WHAT YOU ARE ASKED TO DO
In the listing below, find the line containing "Virginia Readers Choice" and the line containing "Excite Werbeagentur Frankfurt", then copy exactly everything from the first through the second, except the pictures.

RECORDS FOR THE EXERCISE
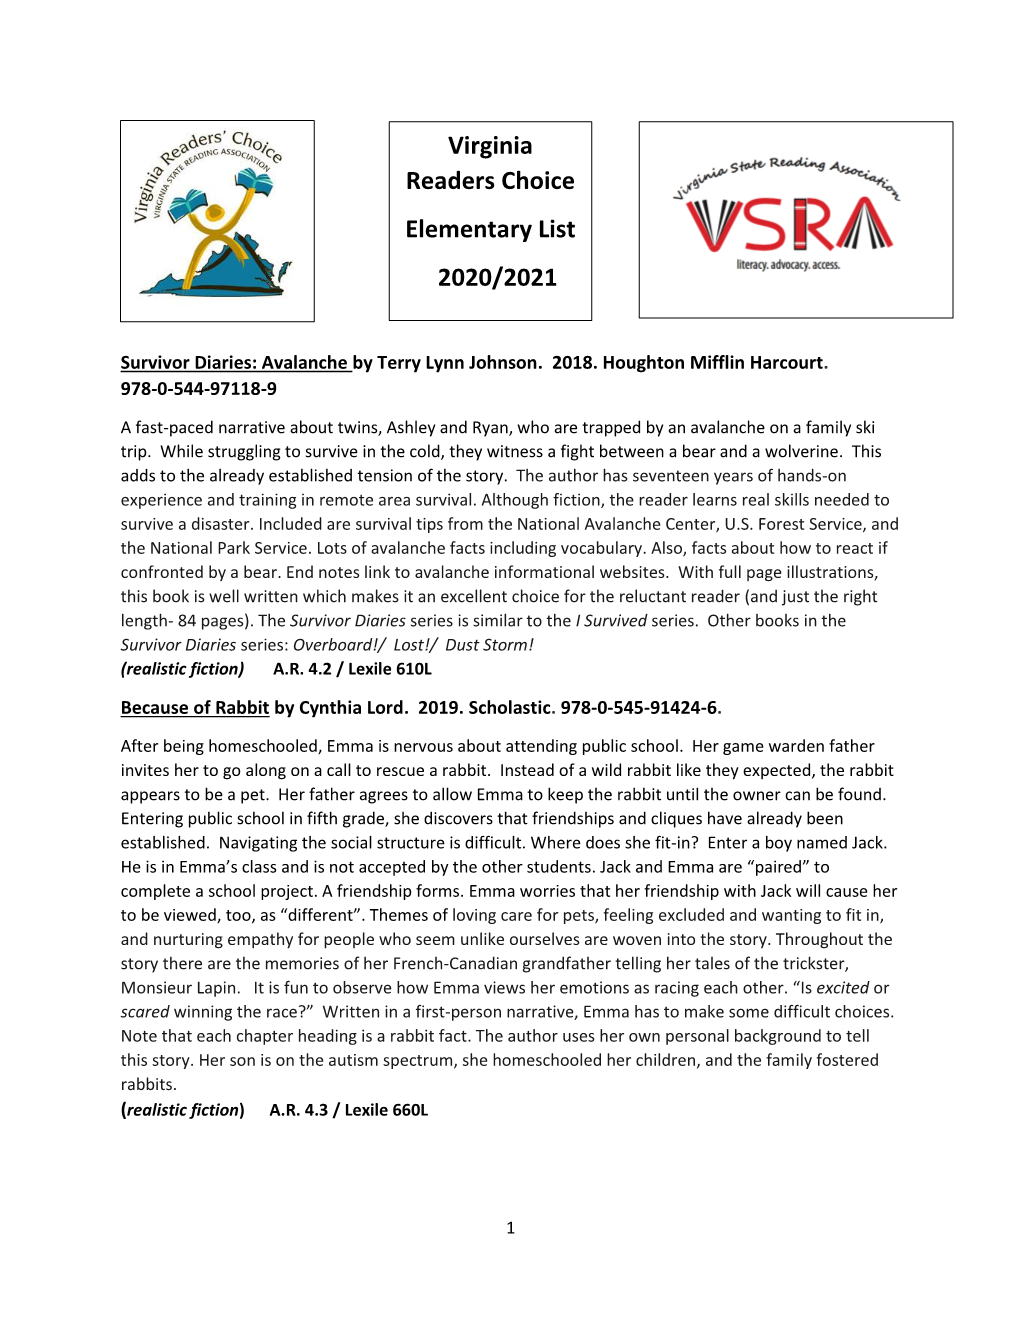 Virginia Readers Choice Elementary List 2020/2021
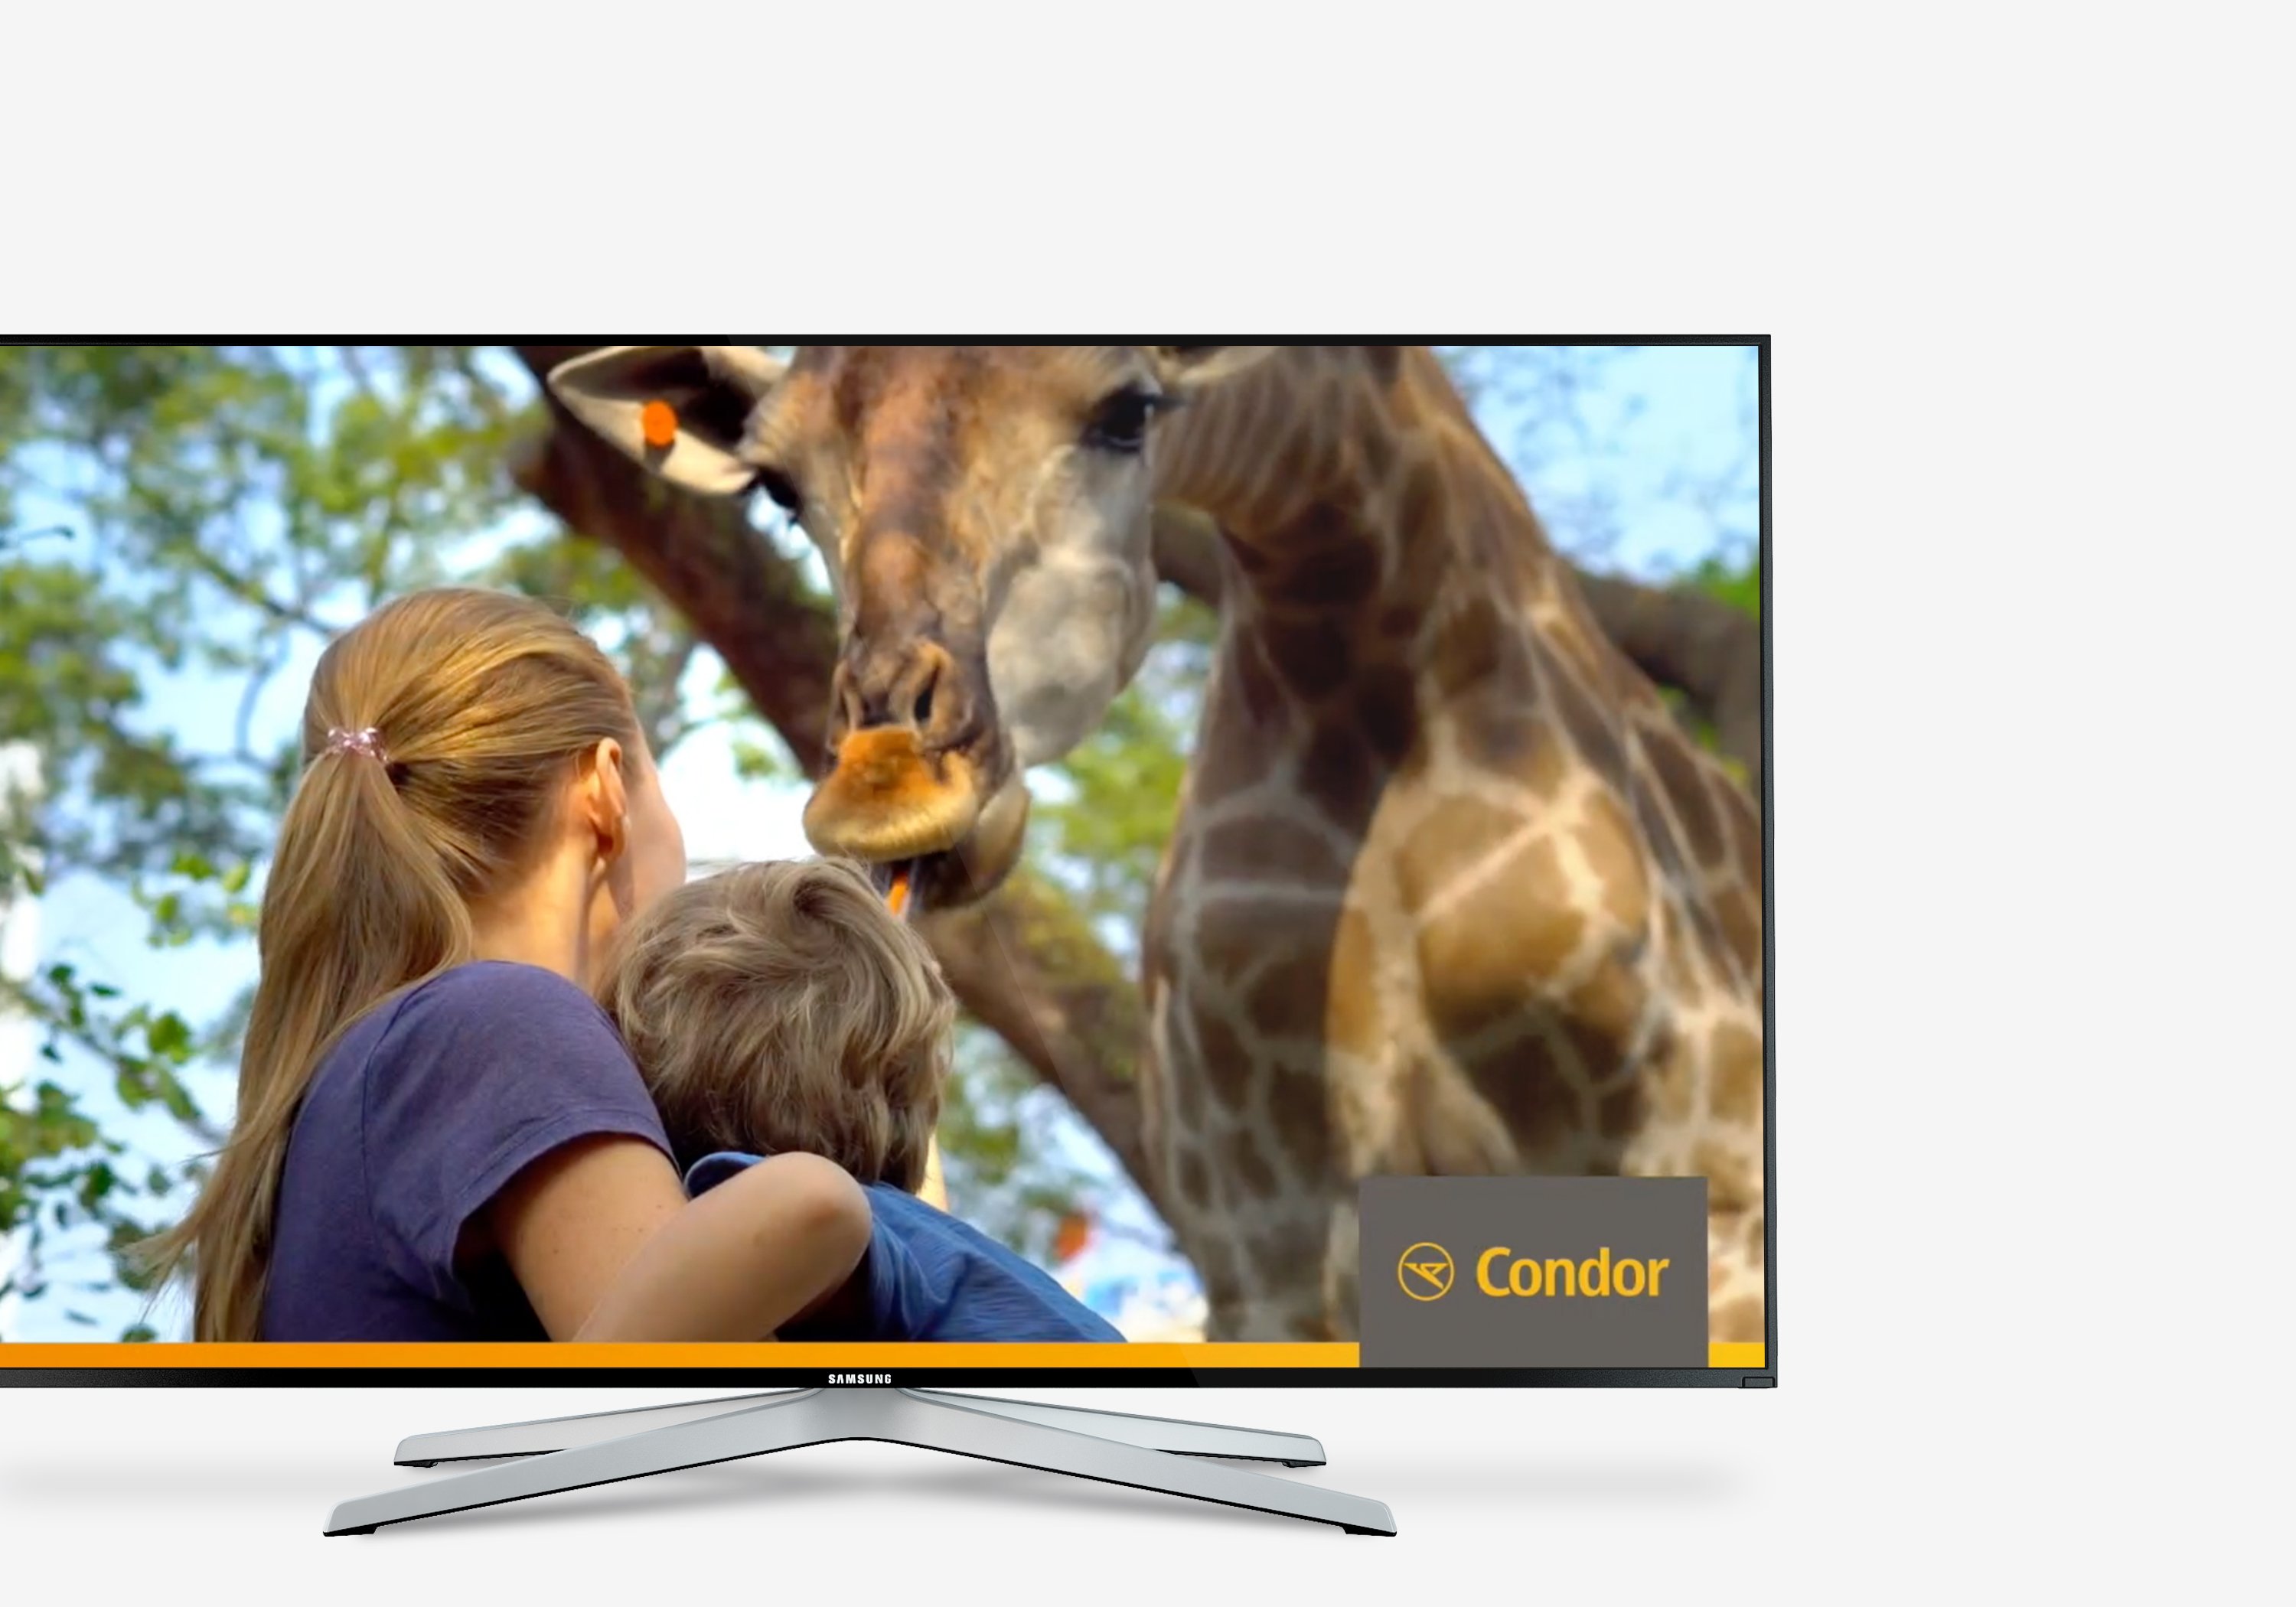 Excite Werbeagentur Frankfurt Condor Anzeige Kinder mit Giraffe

==

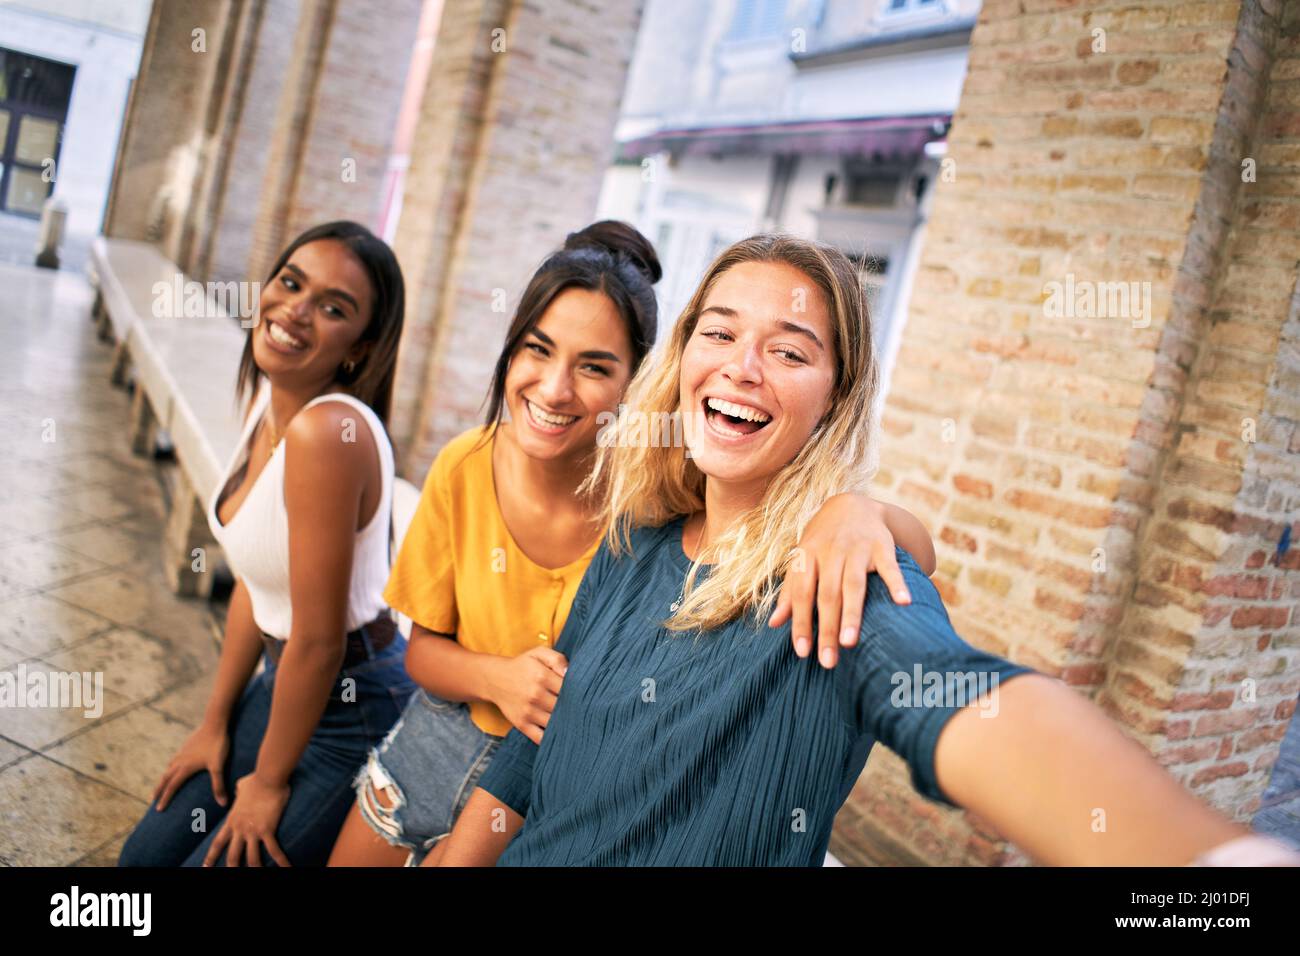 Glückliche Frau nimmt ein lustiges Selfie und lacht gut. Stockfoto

SOLUTION BELOW
 Virginia Readers Choice Elementary List 2020/2021
 Excite Werbeagentur Frankfurt Condor Anzeige Kinder mit Giraffe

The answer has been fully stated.